● **GIVEN MATERIAL**:
--- START ---

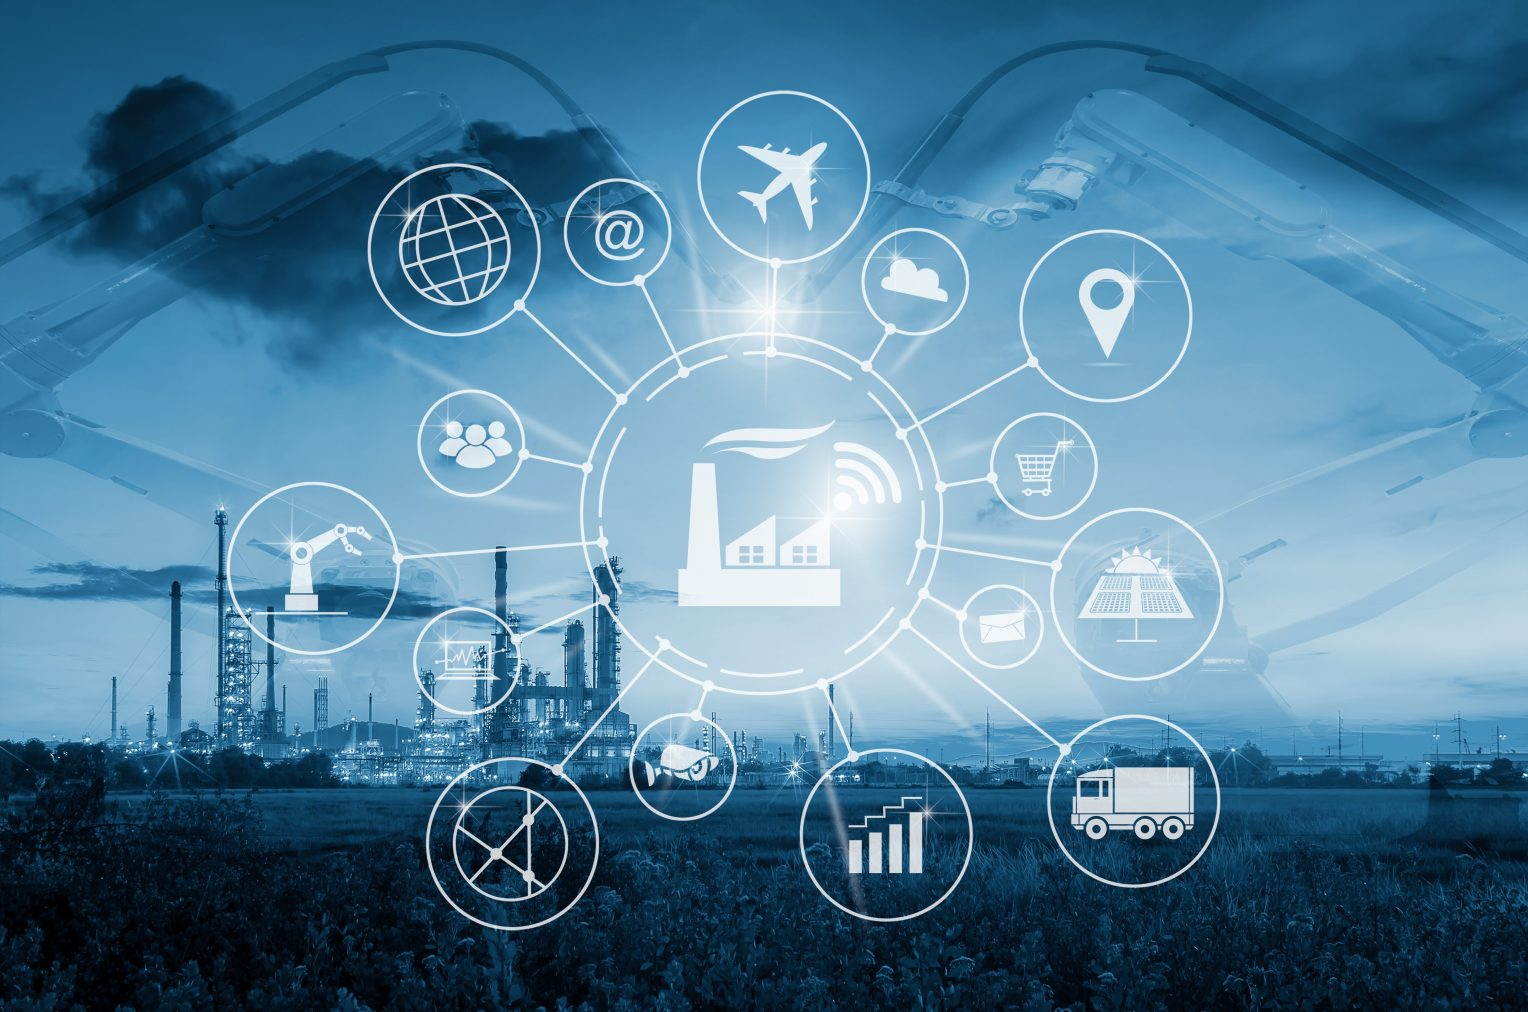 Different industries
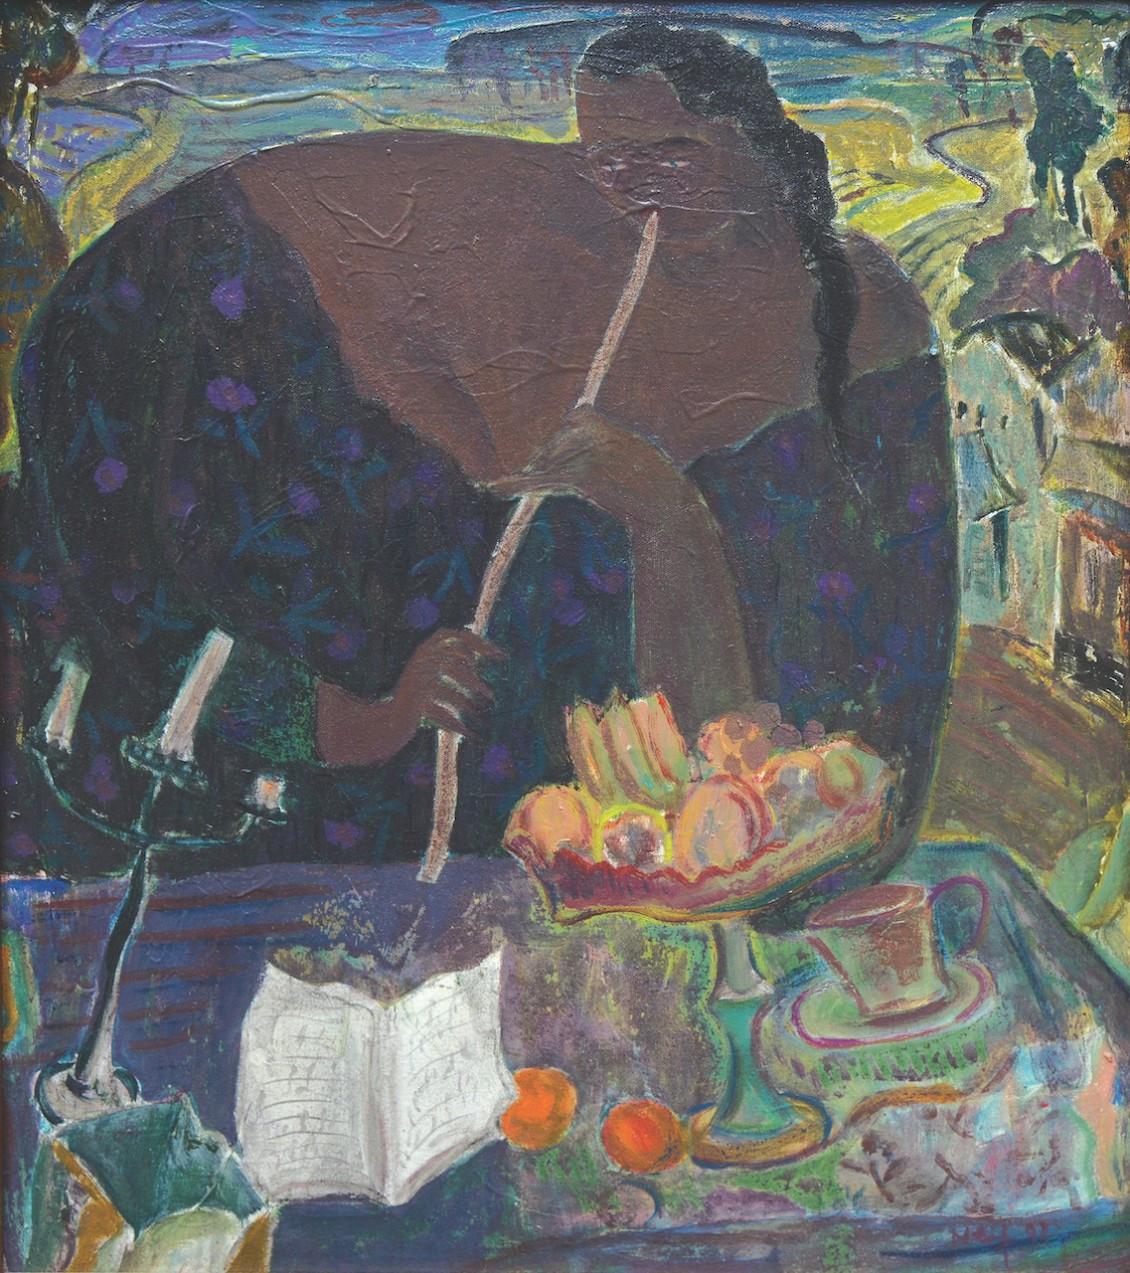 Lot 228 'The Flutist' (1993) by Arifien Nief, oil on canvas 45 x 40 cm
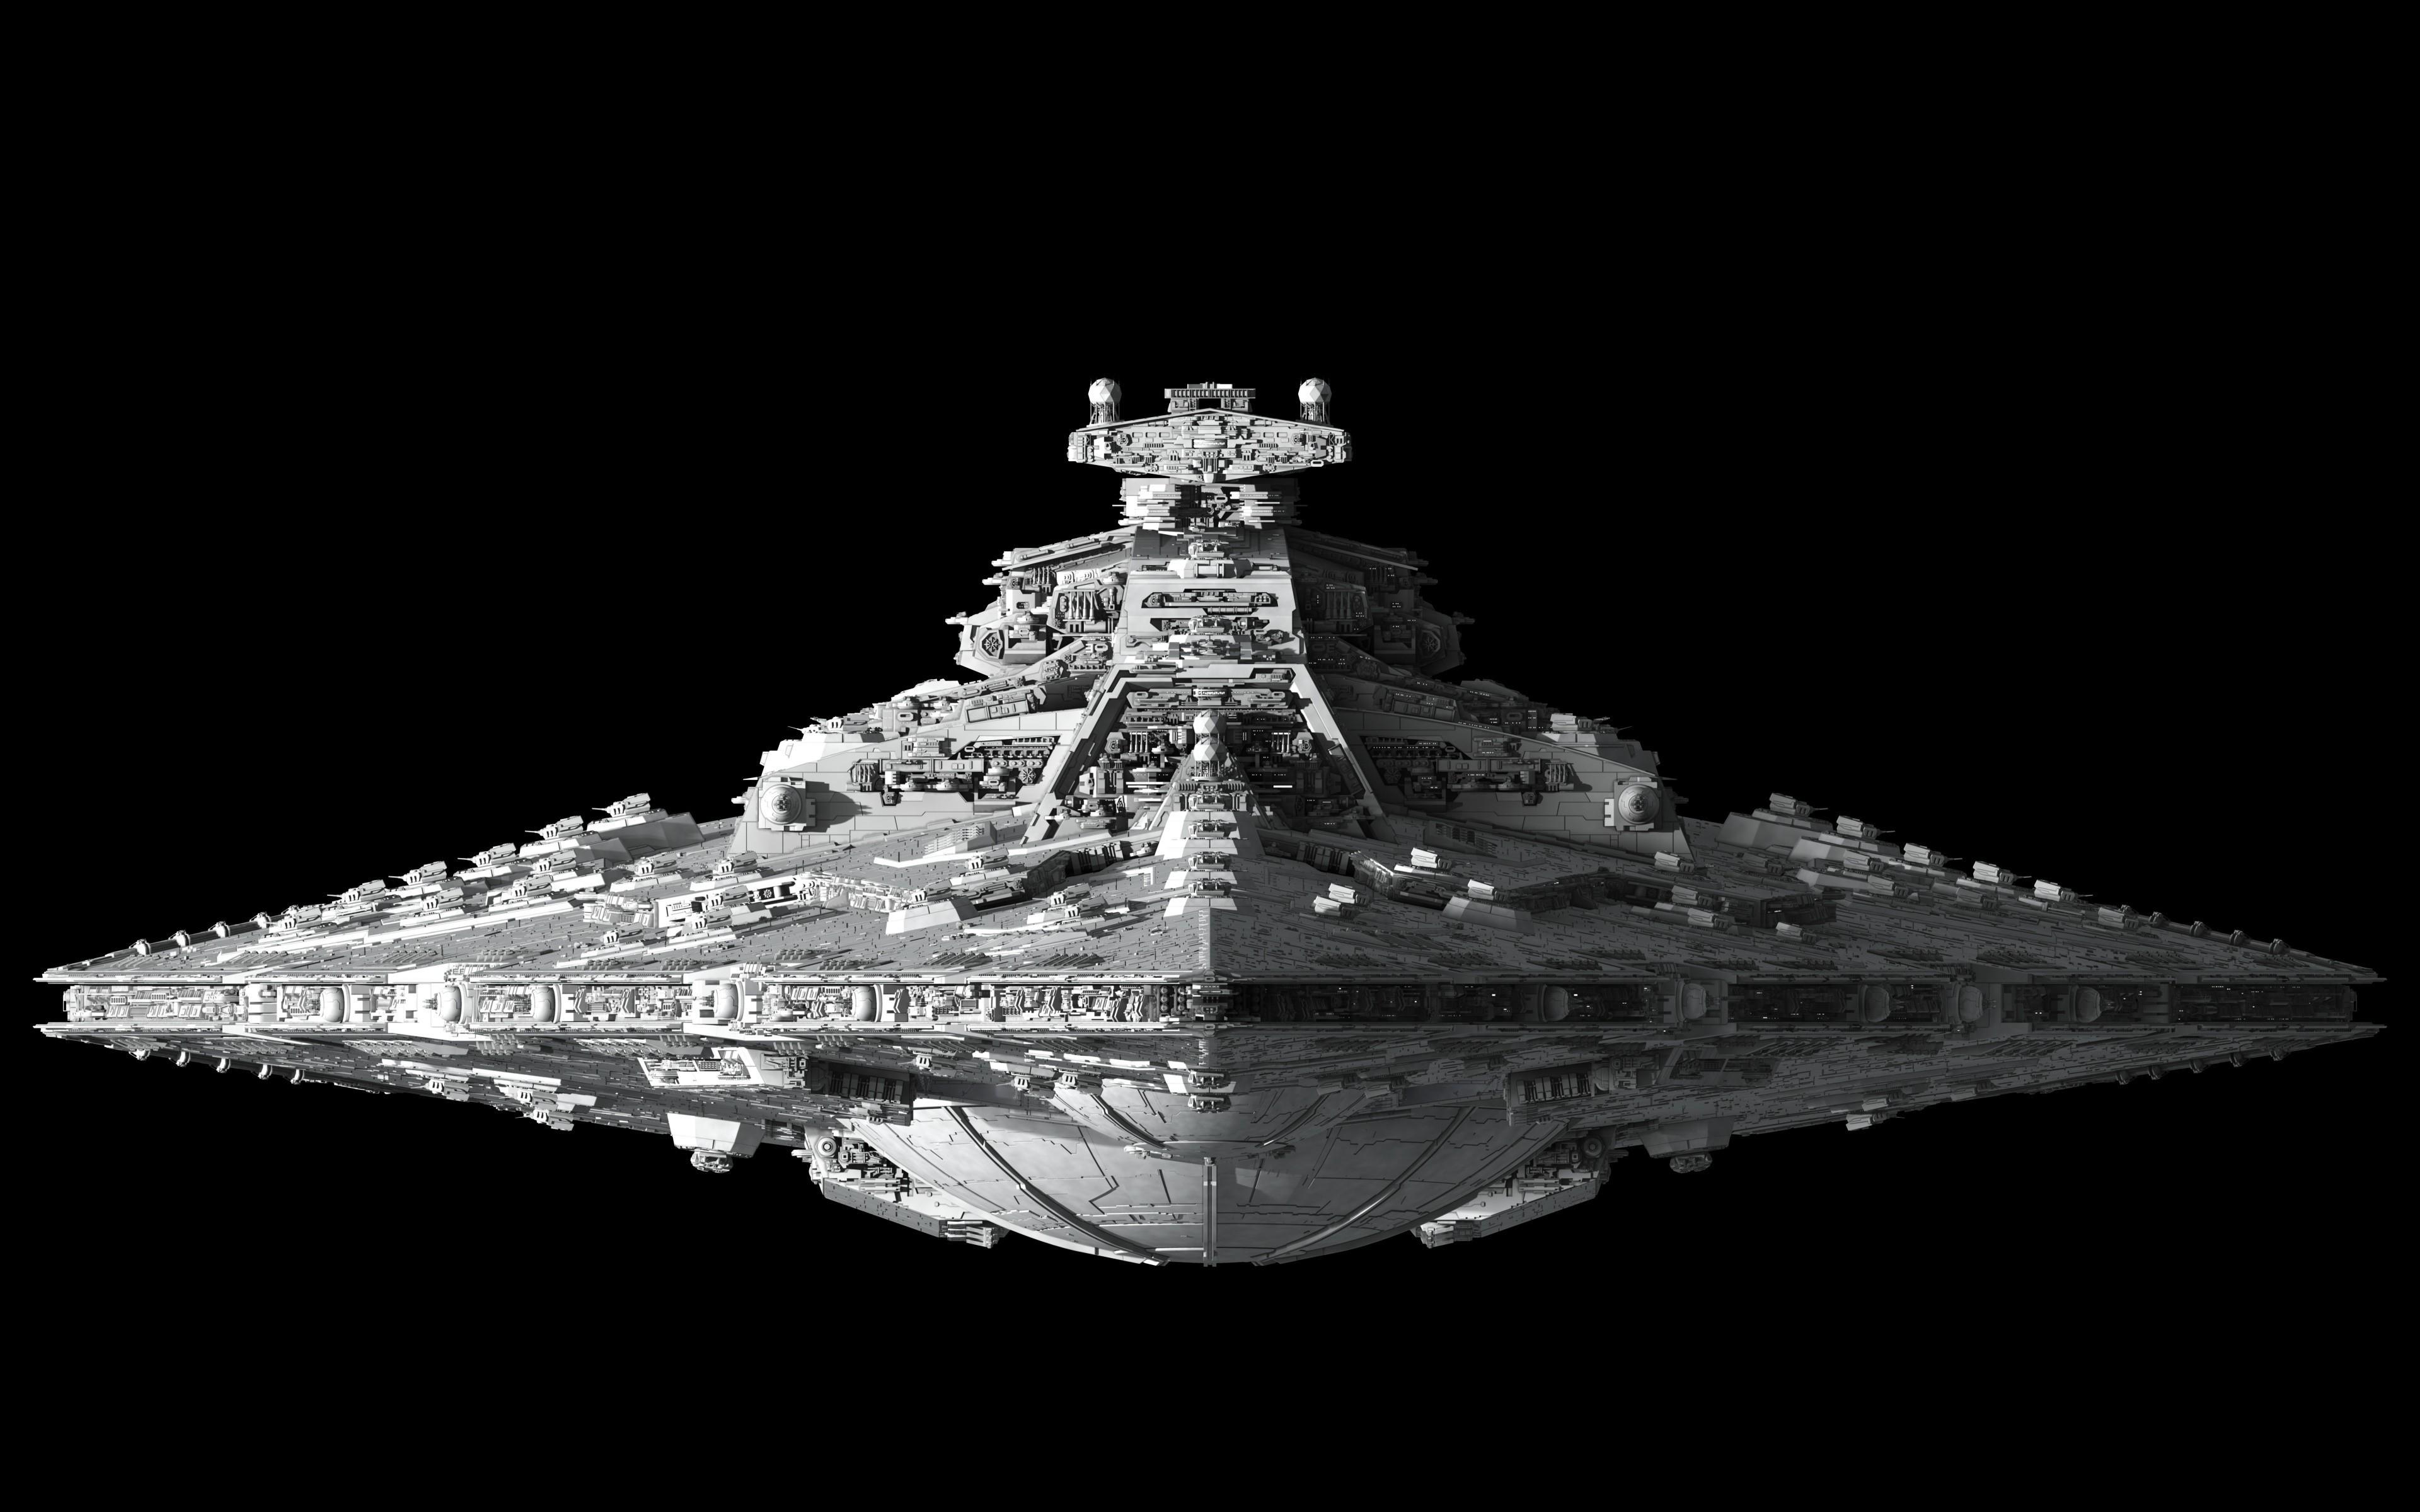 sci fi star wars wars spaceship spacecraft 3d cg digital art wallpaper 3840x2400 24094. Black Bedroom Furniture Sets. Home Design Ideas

--- END ---

Could you give the listing above again word for word, without any pictures?

● **RESPONSE**:
 Different industries
 Lot 228 'The Flutist' (1993) by Arifien Nief, oil on canvas 45 x 40 cm
 sci fi star wars wars spaceship spacecraft 3d cg digital art wallpaper 3840x2400 24094. Black Bedroom Furniture Sets. Home Design Ideas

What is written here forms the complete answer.